Brazil's oil and gas company Petrobras shared innovations and efficiency gains related to the Libra field at the Offshore Technology Conference (OTC) in Houston. Petrobras revealed collaboration between Libra area partners has produced a US$13/bbl reduction to the project's breakeven price.
The Libra consortium aimed to reduce the breakeven price by focusing on cost optimization and increased recovery factor of the block’s deposits. These actions are part of the ”Libra@35” project, which seeks to achieve a breakeven price of US$35/bbl.
Petrobras states that the consortium has achieved a 460-day reduction in the appraisal phase, representing earnings of US$360 million. The result was possible, Petrobras says, due to optimization in information acquisition during the exploration and appraisal phase.
Another initiative was the use of a simplified design for intelligent completion -- a technique to track the performance of remotely-controlled wells -- with gains of 7-18 days in this activity.

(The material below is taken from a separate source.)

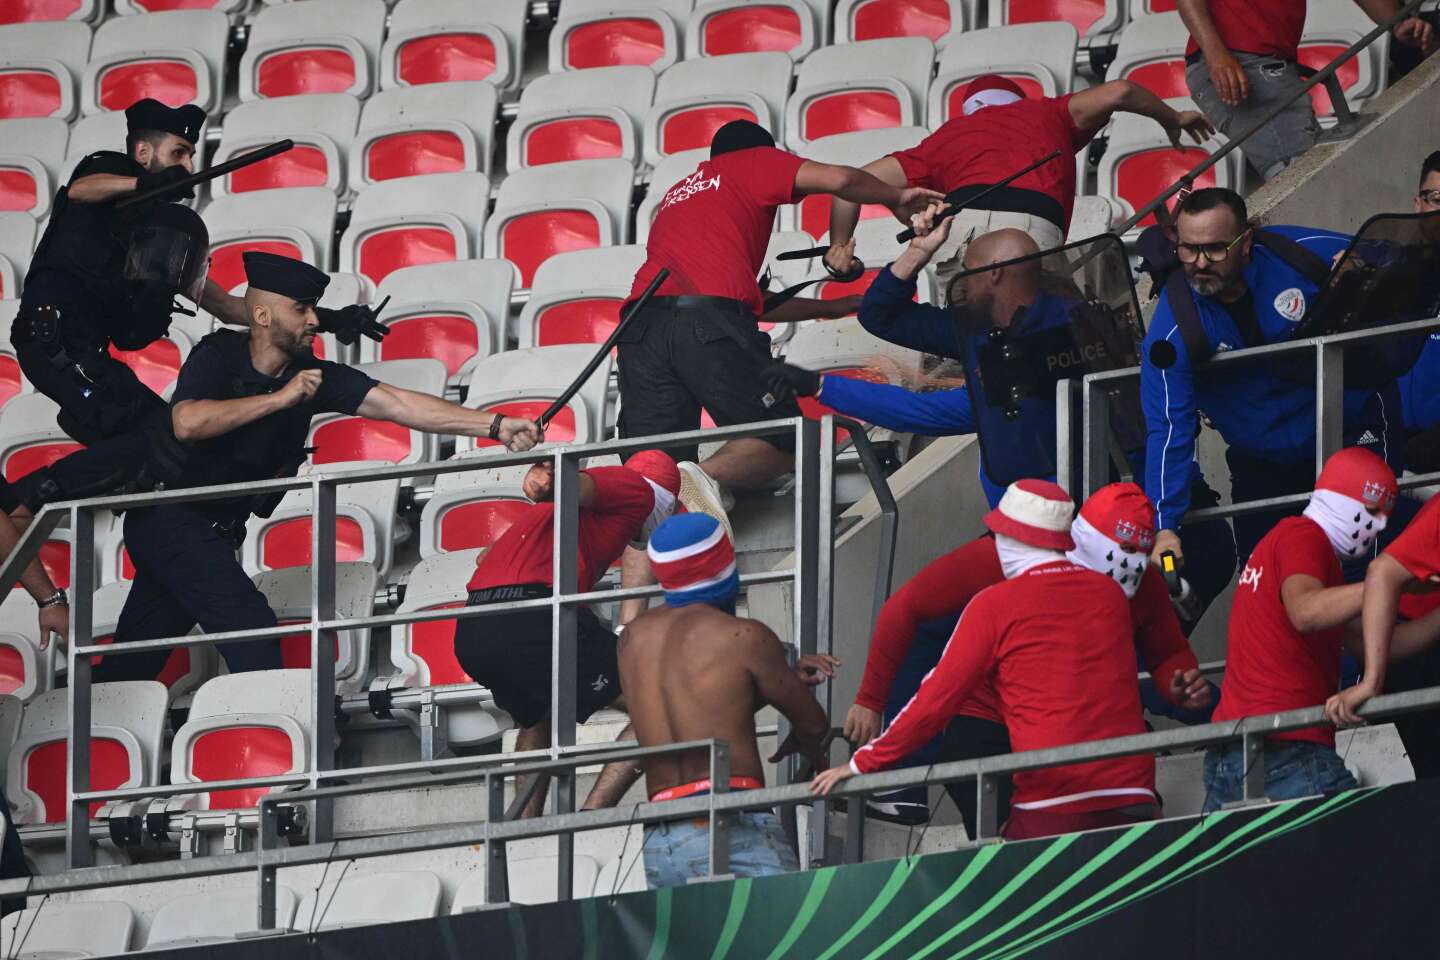 Violences lors du match Nice-Cologne : en Allemagne, une politique de prévention et répression face aux ultras

In addition, the use of WAG loop, an innovative concept that allows two water/gas injector wells in a loop to be connected, enabled the reduced use of flexible lines, with savings of US$300 million.
Finally, the consortium plans to have supplying companies in the Libra 4 project involved from the project design phase, to reduce the investment in equipment and installation of subsea systems by 30%. Petrobras estimates projected savings from this initiative to be approximately US$400 million.
The Libra consortium includes Petrobras (operator with 40%), Shell (20%), Total (20%), CNPC (10%) and CNOOC (10%). Pré-Sal Petróleo (PPSA) is the manager of the production sharing contract.